Found 2 solutions by greenestamps, Edwin McCravy:
Answer by greenestamps(13214)   (Show Source):
You can put this solution on YOUR website!
You apparently have done some work on this, so I know you are at least trying to solve the problem yourself. So I will just give you one more hint that should make solving the rest of the problem easy.
I will guess that your work was something like this....
A+B+C+D+E = 350
A+B+C=200, so D+E=150
C+D+E=224, so A+B=126
A+B+D+E=276, so C=74
To finish the problem easily, use this:
C=74
C is less than D
C is less than E
D+E=150
D and E are both integers
That should tell you the scores for D and E; then the rest of the problem is easy.
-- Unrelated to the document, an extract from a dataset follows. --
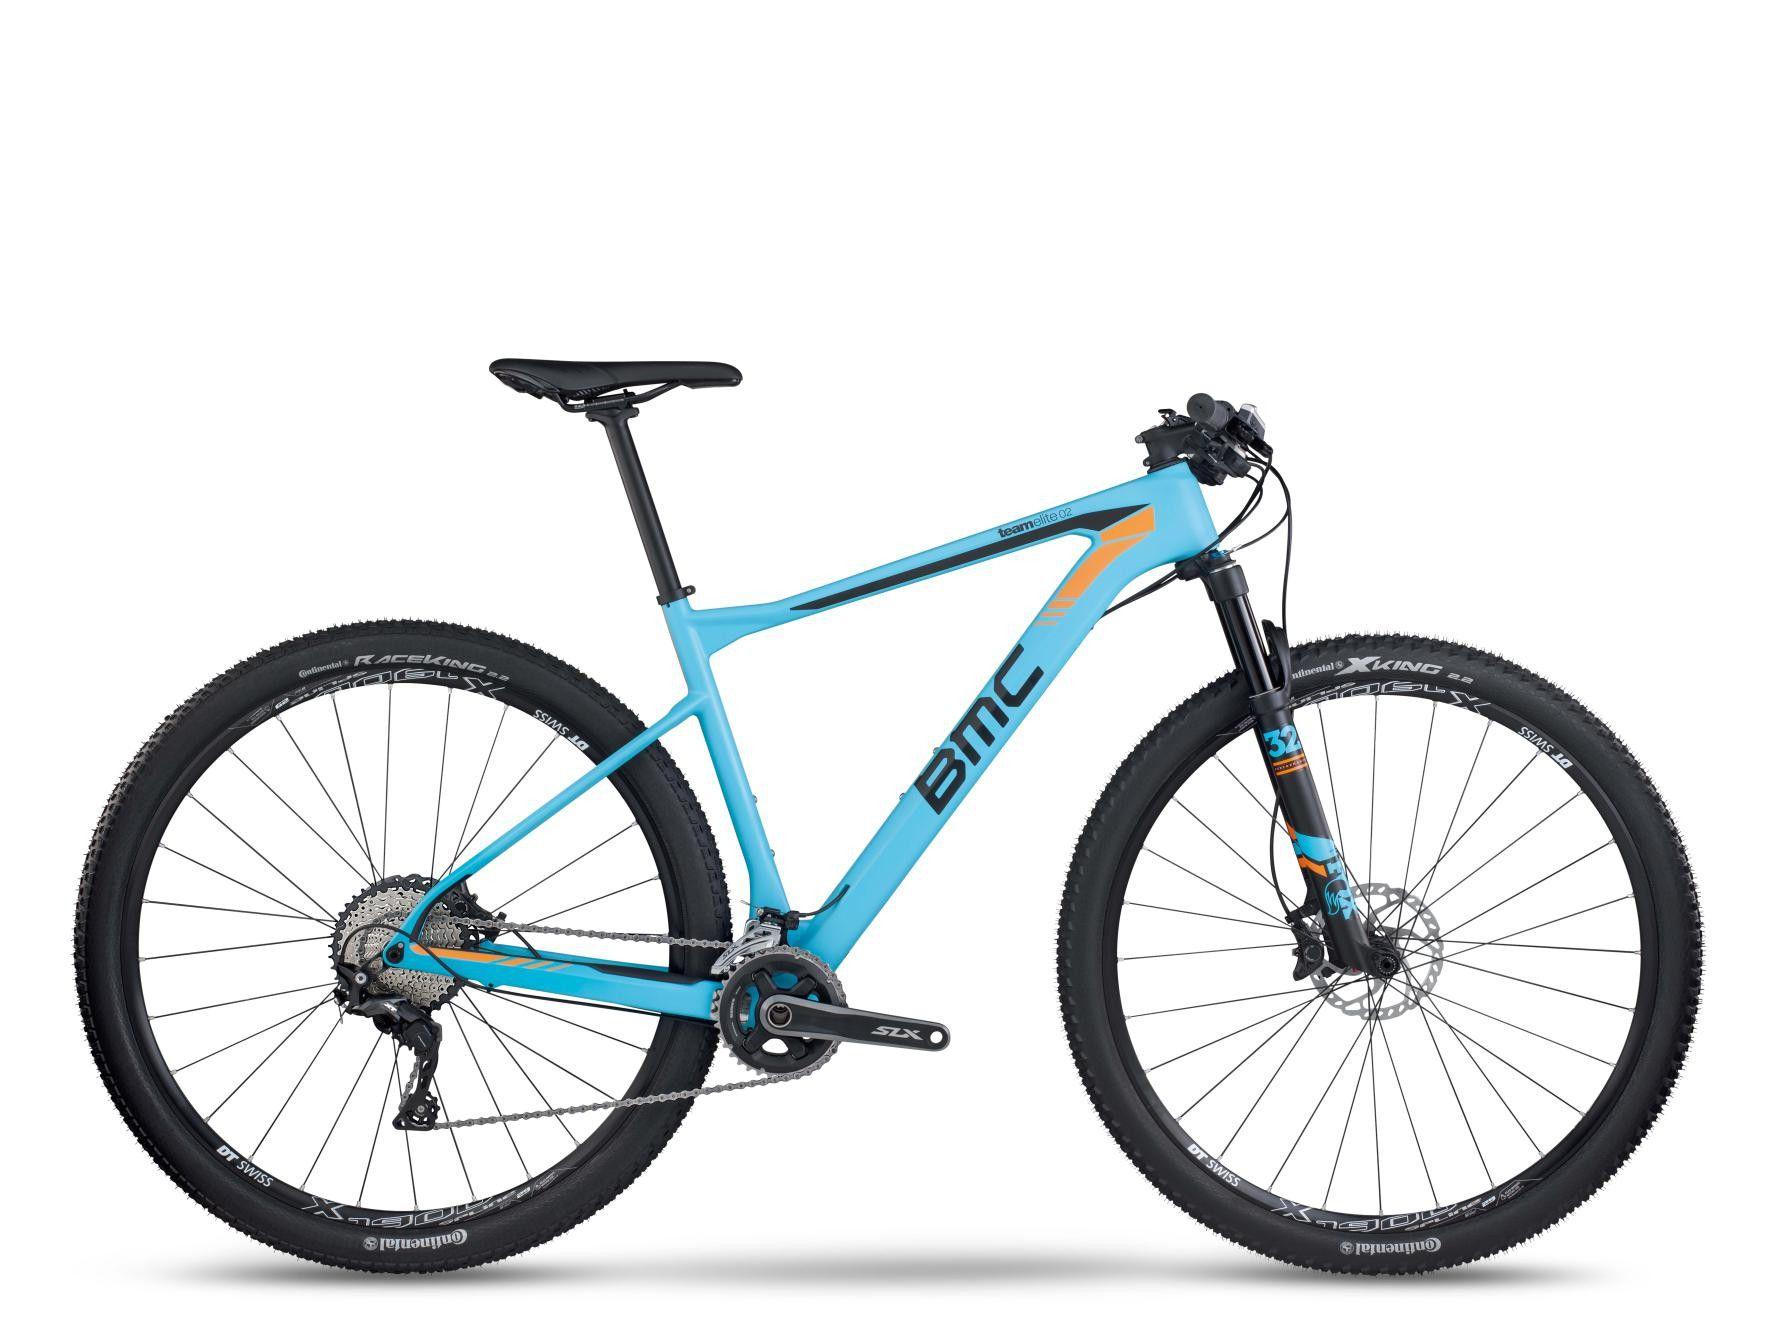 Bicicleta aro 29 BMC Team Elite 02 Carbon 2017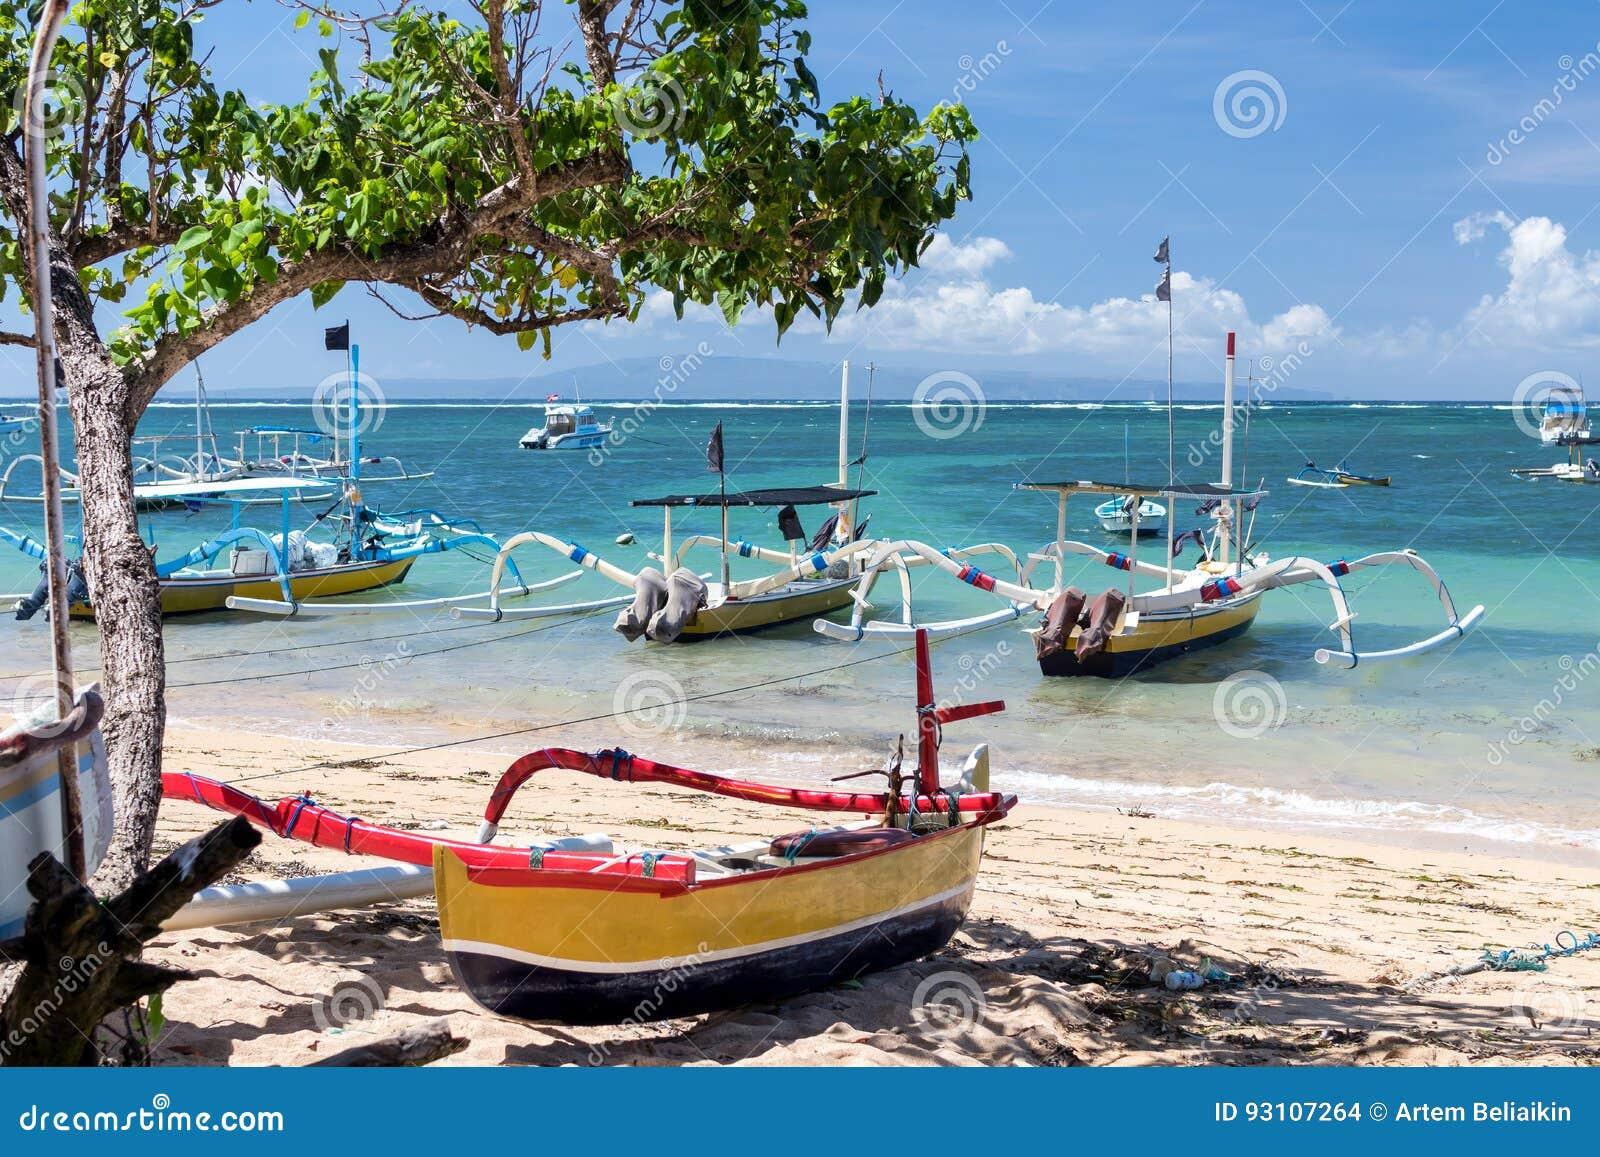 Fishing Boats In The Indian Ocean Tropical Island Bali Indonesia Sanur Beach

Answer by Edwin McCravy(20064)  (Show Source):
You can put this solution on YOUR website! -Adam, Bipin and Chen together scored 200 marks.A+B+C = 200 -Bipin, Chen and Dana together scored 215 marks.B+C+D = 215 -Chen, Dana and Erica together scored 224 marks.C+D+E = 224 -The two girls (Dana and Erica) scored more than Chen.D > C and E > C -The five of them together scored 350 marks A+B+C+D+E=350
So we have this system of 4 equations in 5 unknowns,
which is "under-determined":
A+B+C = 200
B+C+D = 215
C+D+E = 224
A+B+C+D+E = 350
We can reduce it to a 3x3 system by letting
A+B=F and D+E=G in the 1st, 3rd, and 4th equations.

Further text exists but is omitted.